Adding a `Config` subclass to a library is a very bad idea. It would force the app writers to use that class for that specific library and then use a different class for their own configuration options. Adding a `ConfigSection` subclass to a library _can_ be a friendly feature for application writers, who can use such sections in their own `Config` classes. But even that might carry some rigidity with it: Apps might only want to give their users _some_ control over the configuration of a library, but the `ConfigSection` provided will likely give them full control.

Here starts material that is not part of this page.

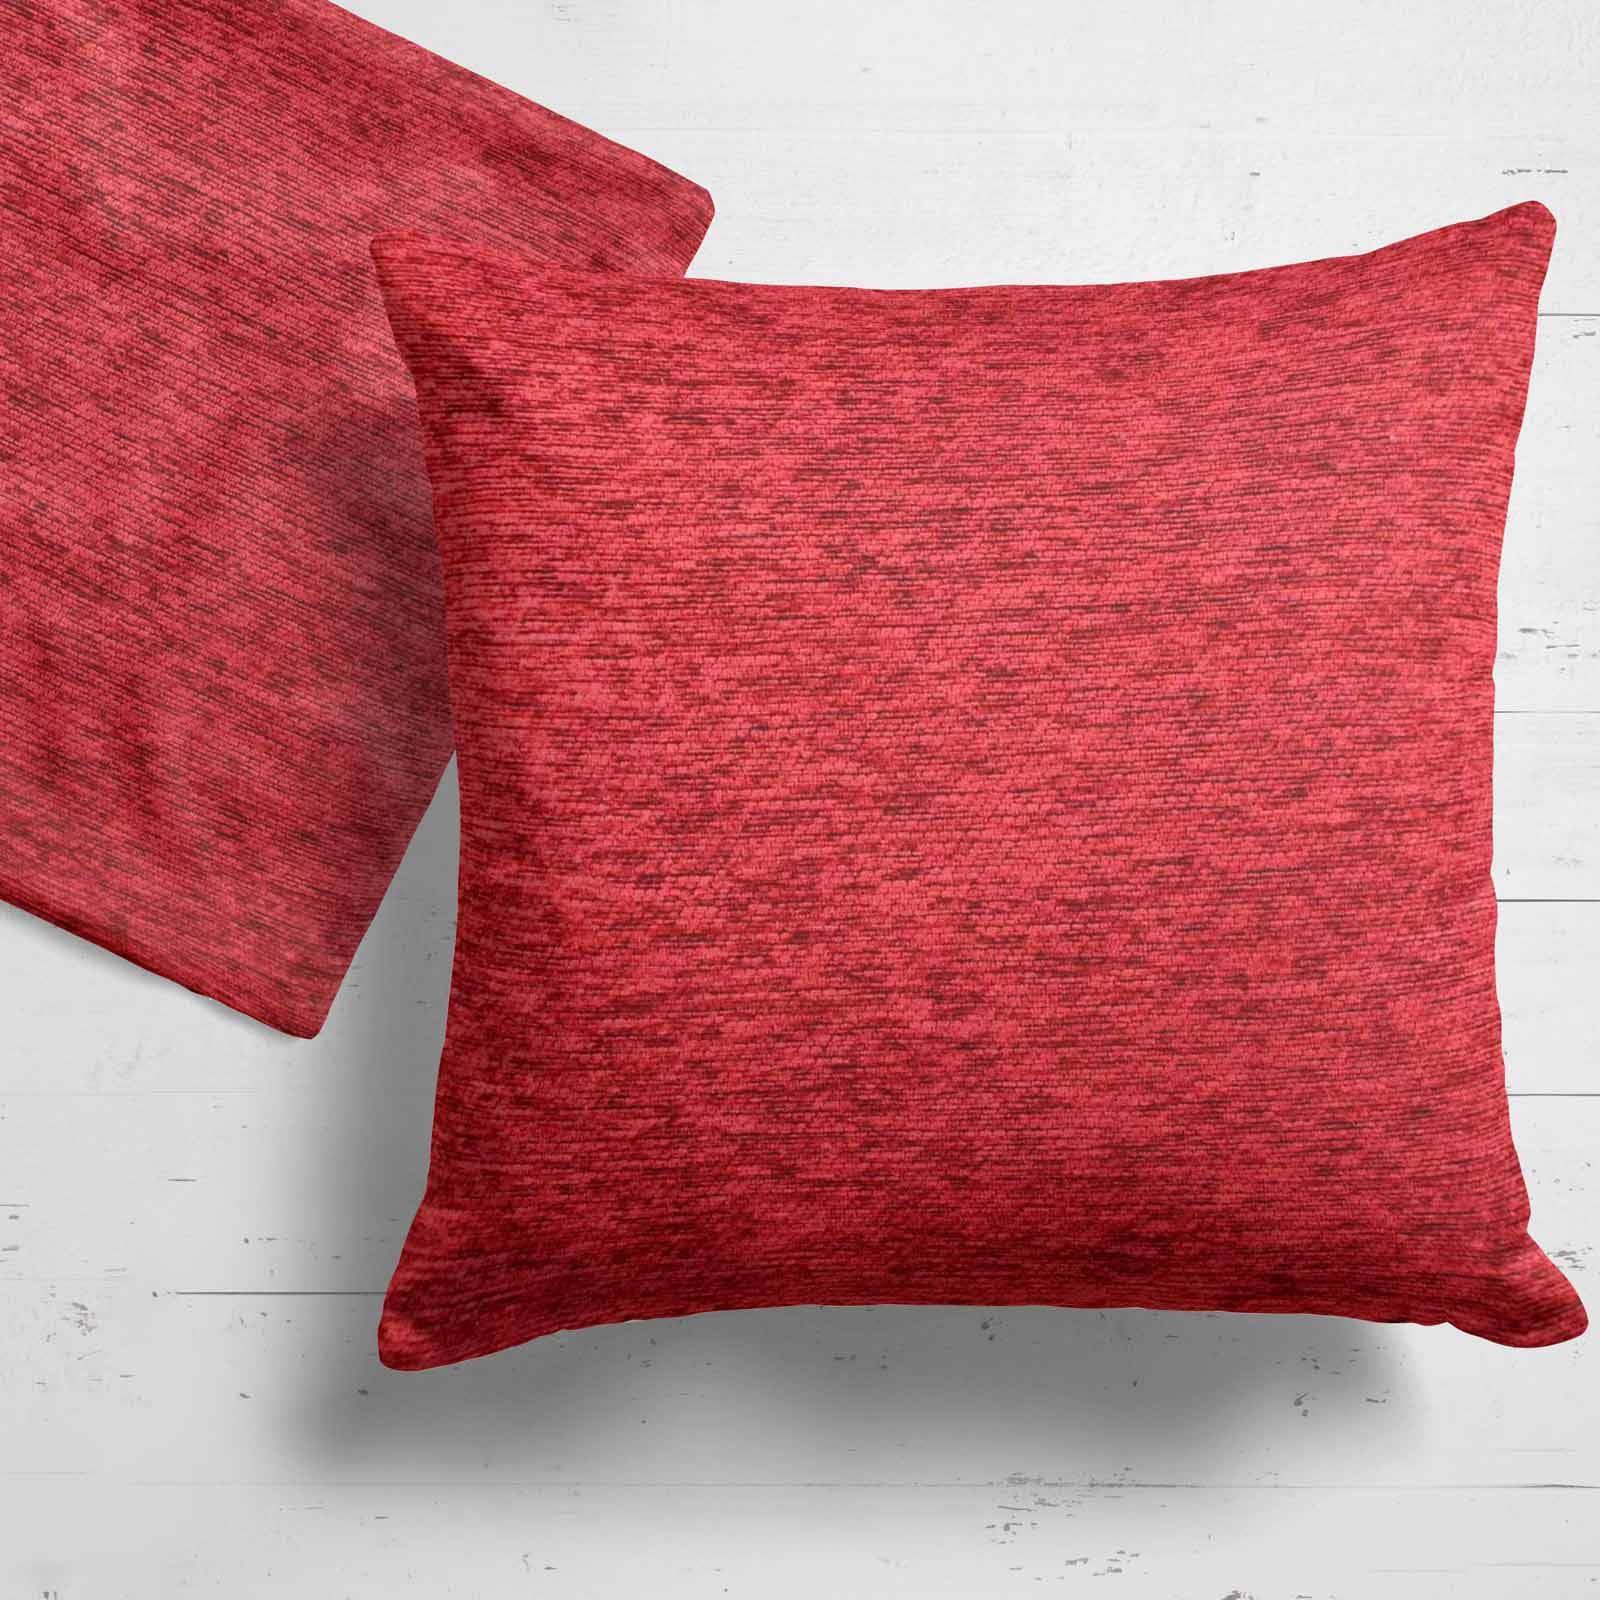 Set-of-2-Chenille-Cushion-Covers-Luxury-Plain-Cushions-Cover-Pairs-18-034-x-18-034 thumbnail 21

Keep it simple. Use PyConfig in applications. Use injection (of every necessary input or configuration value) in libraries.

## Detailed documentation

_TBD. Sorry. Really._

## FAQ

1. _Why can't I nest sections into other sections?_ This was not the easiest design choice. One of the most important requirements when writing PyConfig was that it should support INI files, and those only really support 1 level of nesting. In the end, even though this question is asked fairly often, there are barely any use cases for deeper nesting in configs. And in the few such use cases I've seen, the problem could be elegantly solved by using more than one `Config` subclass in the application.
2. _Why can't I have entries directly in the `Config` subclass? Why must all entries be in a section?_ Firstly, it would add more complexity to the implementation. Secondly, INI doesn't allow entries without sections. Thirdly, this isn't much of an issue, really. You can always just add a `general` section to your config.
3. _Why aren't dictionaries supported as types for section-entries?_ INI. The answer is almost always INI. I've chosen to support the iterable types `tuple` and `frozenset` because it's so common and natural to interpret comma-separated values as sequences, and these types are increadibly helpful in configurations. Moreover, I'd already seen several projects where configuration values were being transformed into sequences via comma-separation, except that developers had to parse those strings themselves, without any help from `configparser`. But there's nothing as simple, elegant and commonplace for dictionaries. Gladly, there's also almost no demand for dictionaries as section-entries.
4. _Regarding the standard naming for environment variables: What happens if I have a section called `foo__bar` with an entry called `baz`, and also a section called `foo` with an entry called `bar__baz`?_ Honestly, I haven't thought about it. Bad things, probably.
5. _Are all these questions really frequently asked, or are you making them up as you go?_ Yes.